С самого приезда он все время занят. Просыпается рано, еще до рассвета, и хотя это его, похоже, не радует – судя по тому, как он стонет и щурится в экран своего телефона, который кладет вместо часов рядом с кроватью, – он все же встает, в постели не валяется. Быстро и неряшливо заваривает чашку чаю, потом принимает душ и одевается, всегда в одно и то же: футболка и синие линялые джинсы, которые он каждый вечер бросает на венский стул в углу комнаты.
Зачем бы он ни приехал, его дело требует длительных сосредоточенных раздумий над картой усадьбы, из которой он делает выписки. Я прямо-таки пристрастилась стоять у него за спиной, на некотором расстоянии, конечно: хочется понять, чем он занят. Но все бесполезно. Почерк у него мелкий, чернила бледные, так что ничего разобрать нельзя, а подойти ближе я не решаюсь. Наше знакомство еще слишком свежее, и я пока не знаю, насколько близко я могу к нему подобраться. Моя компания не всем подходит, а пугать этого молодого человека я не хочу.
Пока не хочу.
Поэтому жду.
Зато теперь я знаю, что у него в коричневой сумке: вчера он вынимал из нее вещи при мне. Там у него фотоаппарат, настоящий, который наверняка признал бы Феликс, случись ему вдруг материализоваться сейчас рядом со мной.
А вот чего Феликс наверняка не признал бы, так это подключения фотоаппарата к компьютеру, когда образы возникают на экране, точно по волшебству. Вместо темной комнаты и вонючих проявителей.

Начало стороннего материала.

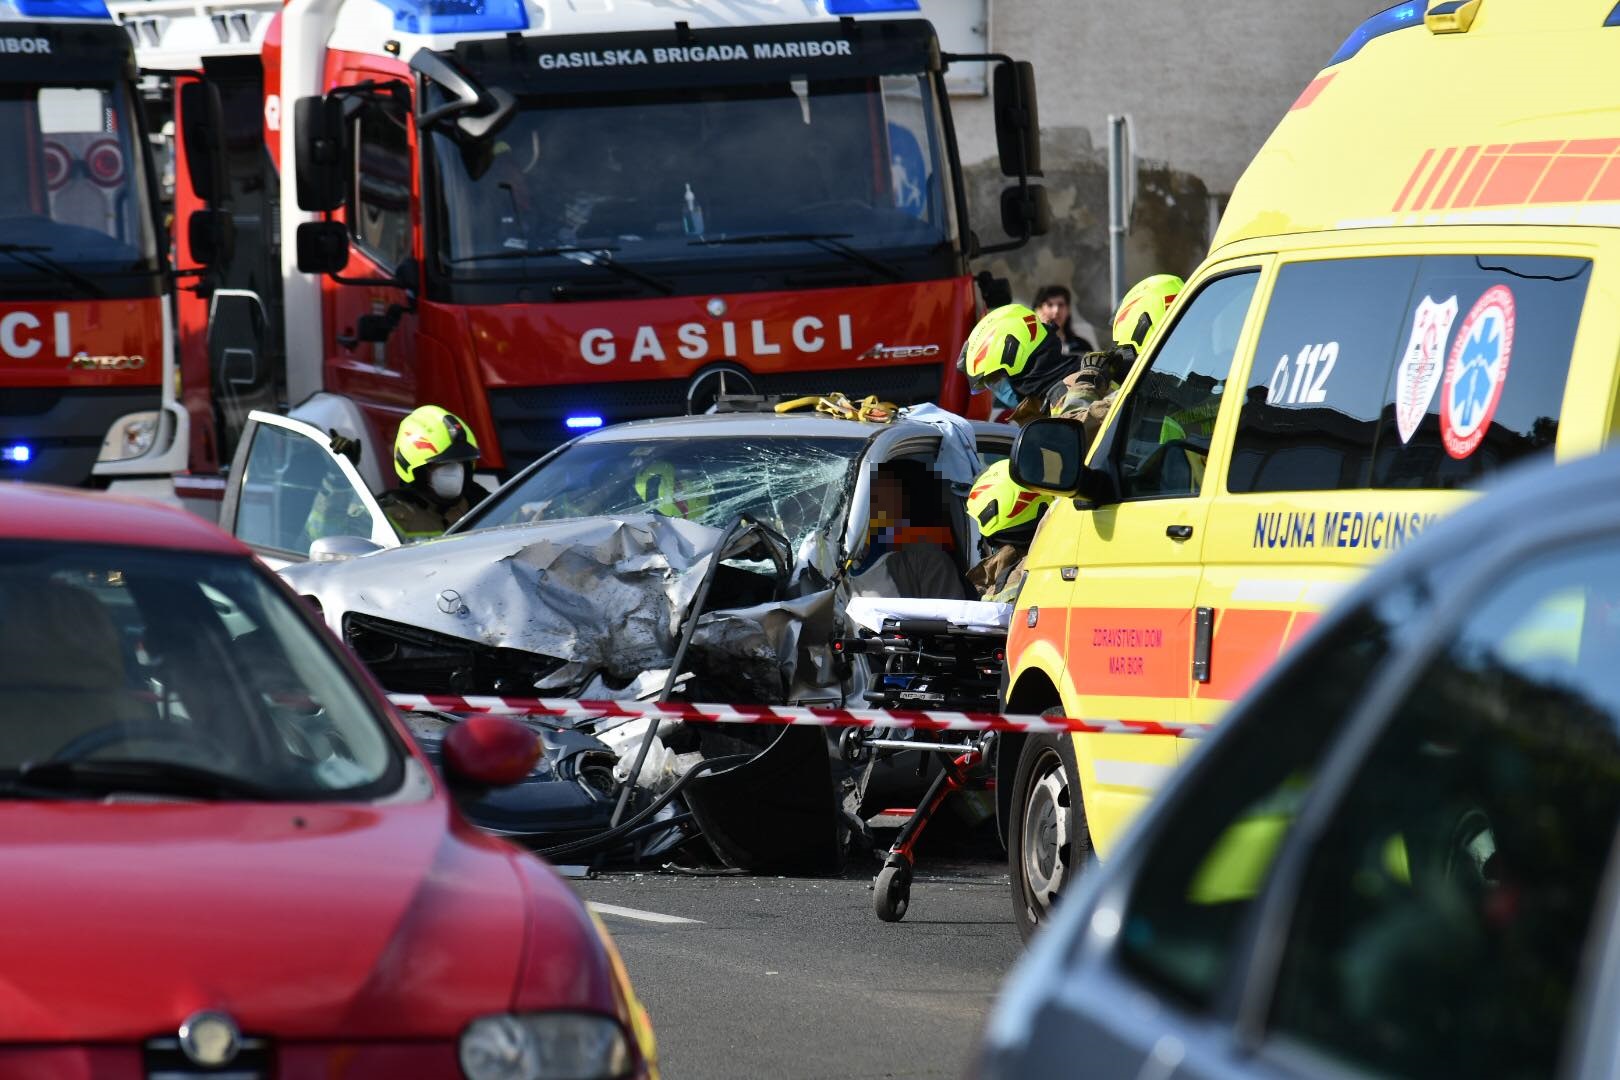 DNEVNA: Je fotografiranje prometnih nesreč kaznivo?

Вчера вечером я наблюдала, как он пролистывает картинку за картинкой. Фотографии кладбища – сплошные надгробия. Фамилии все незнакомые, но я все равно смотрела как завороженная. Еще бы, ведь я впервые за много лет смогла «покинуть» этот дом.

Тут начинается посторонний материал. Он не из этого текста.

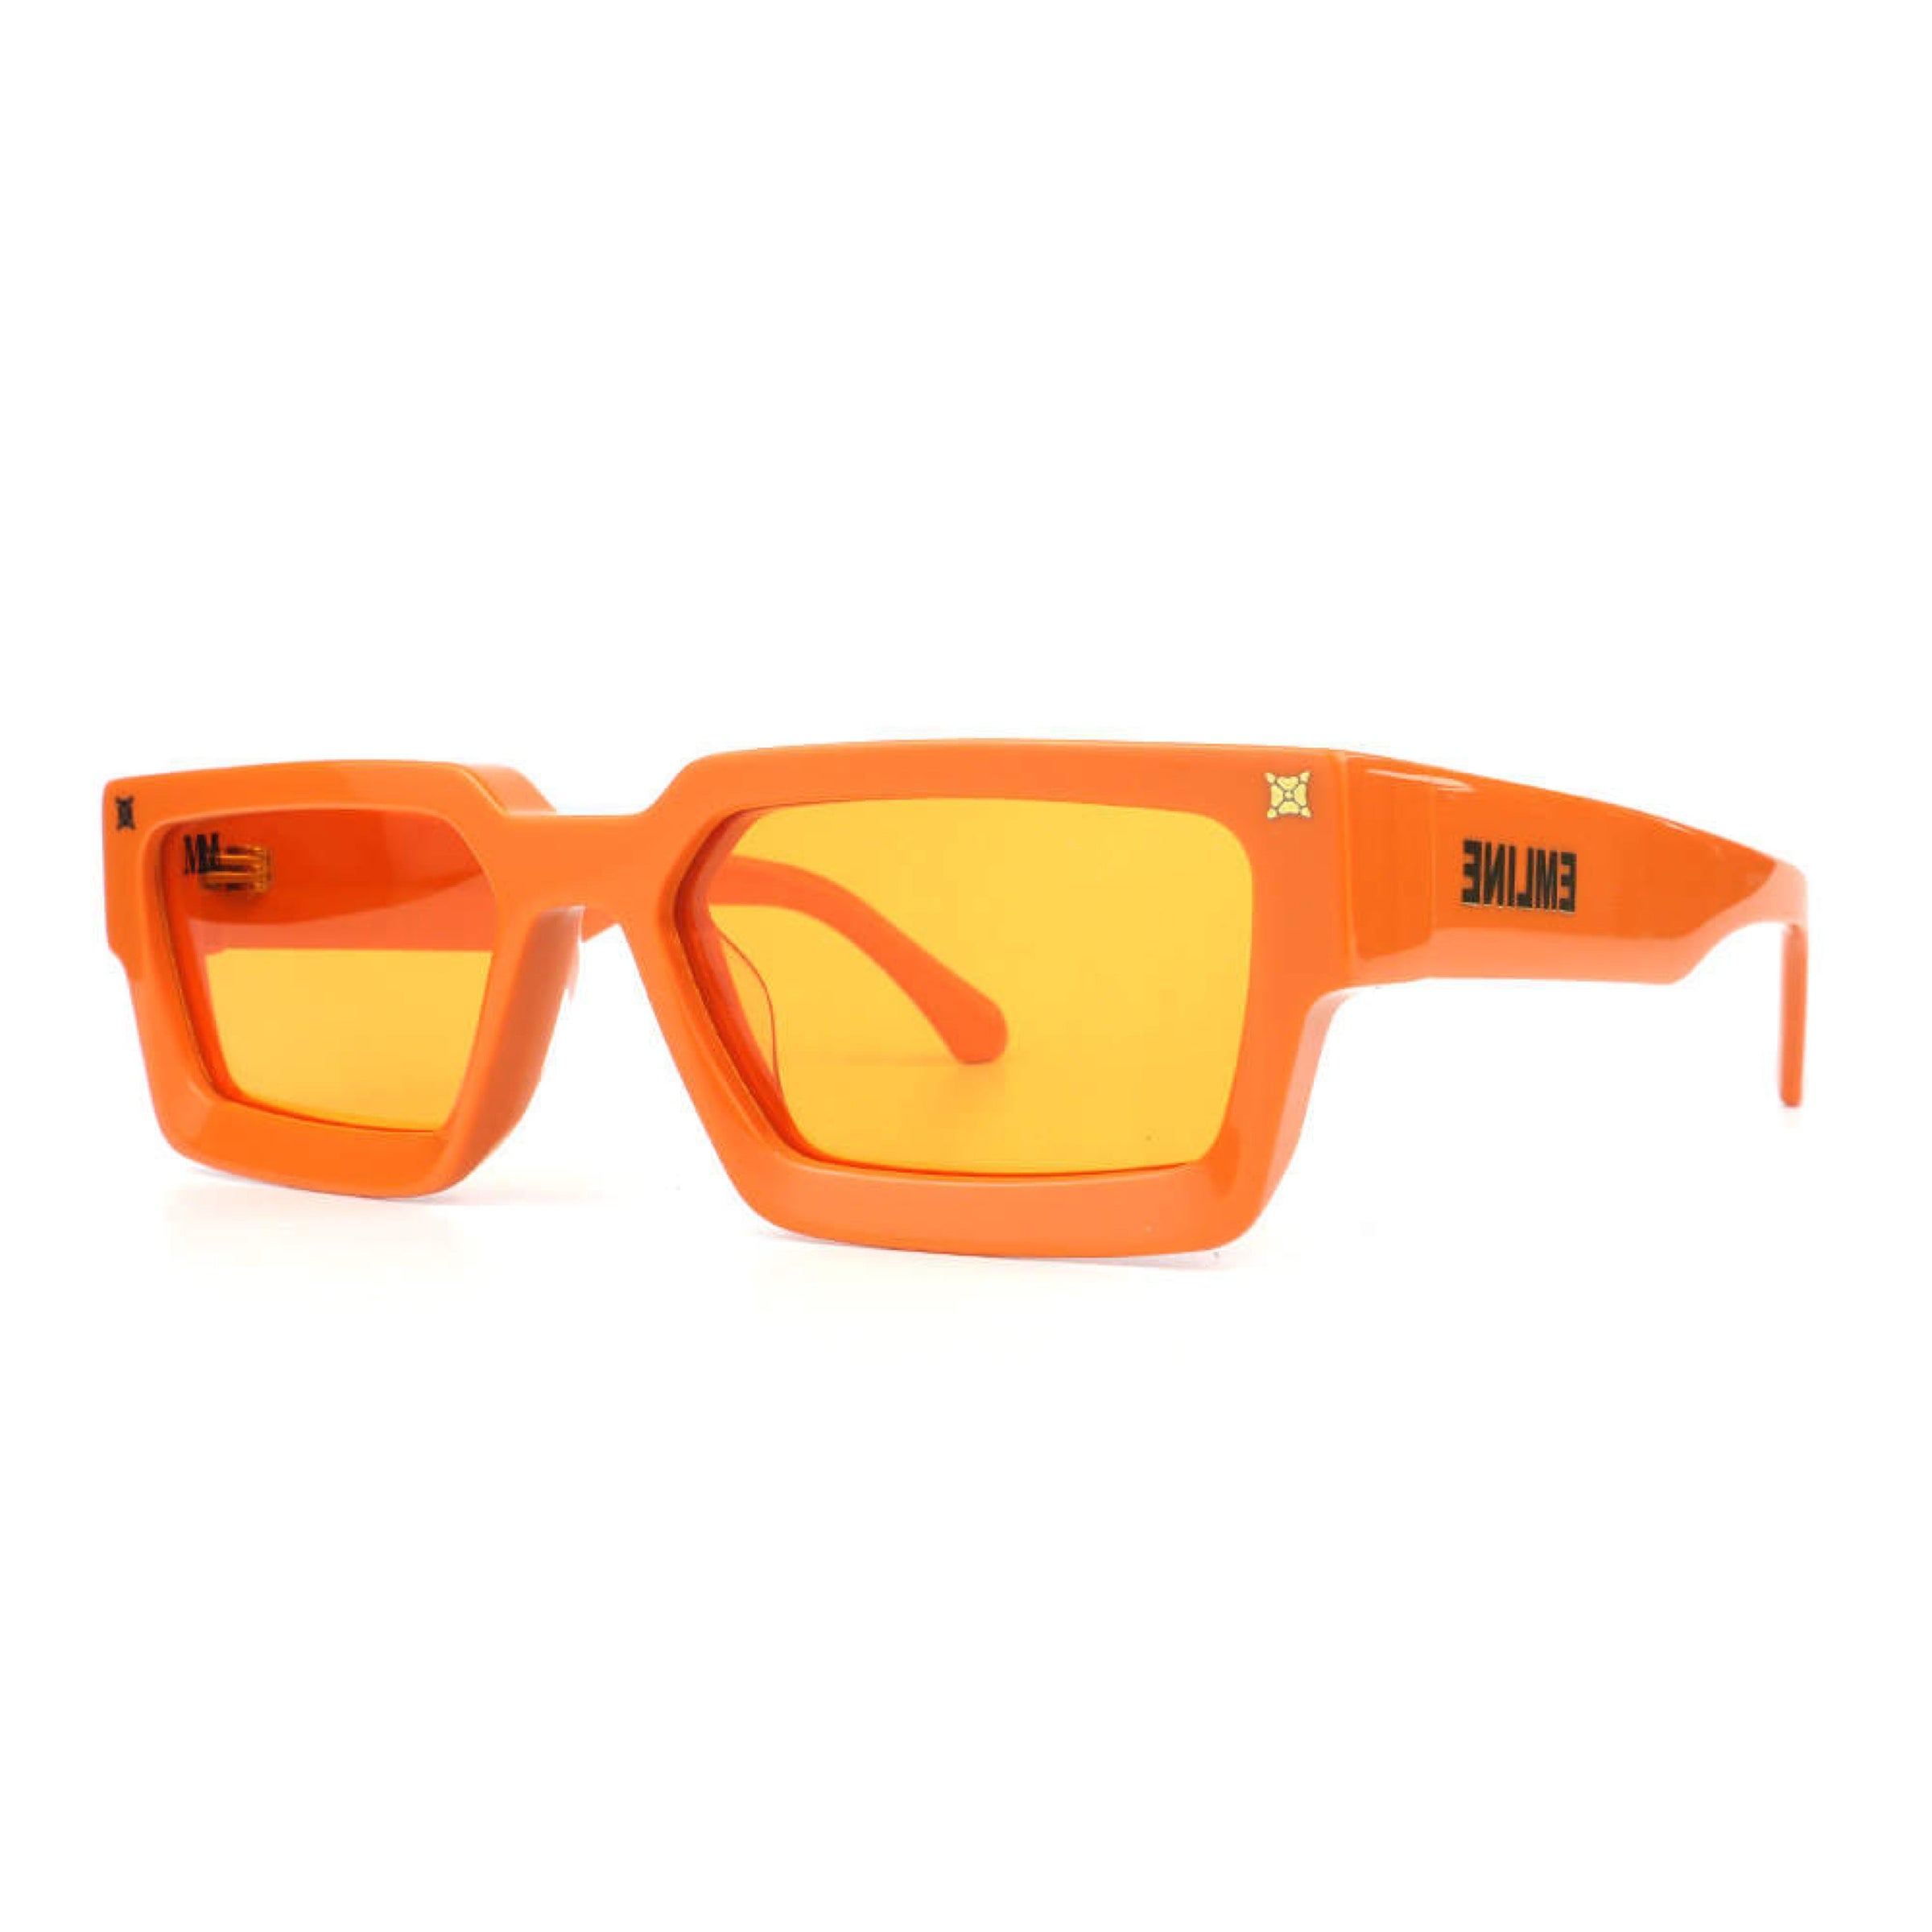 vuitton sunglasses orange

«Но что эти снимки сообщают о цели его приезда сюда?» – спросила я себя.
Почти ничего.
Сейчас его нет в доме: как ушел после завтрака, так и не возвращался. Но я терпеливо жду, терпения у меня теперь куда больше, чем раньше.
Я стою у окна на лестнице и смотрю сквозь ветви каштана вдаль, туда, где течет моя старая подруга Темза. Я не жду, что мой гость вернется с той стороны: в отличие от тех, кто жил в Берчвуде до него, реку он не жалует. Иногда глядит на нее, будто на картину, но только издали и, как мне кажется, без удовольствия. Катание на лодке его не привлекает.
Ну а я смотрю на реку просто так, для себя. Темза всегда текла через мою жизнь, как кровь течет по телу. Теперь мои передвижения ограничены амбарной стеной на севере, ручьем Хафостед на западе, фруктовым садом на востоке и японским кленом на юге. За минувшие годы я не раз пыталась продвинуться дальше, но, увы, так и не преуспела. Ощущение такое, будто тебя поставили на якорь и ты, как ни стараешься, не можешь сняться с него. Не знаю, как это объяснить с точки зрения законов физики, но чувствую я себя именно так.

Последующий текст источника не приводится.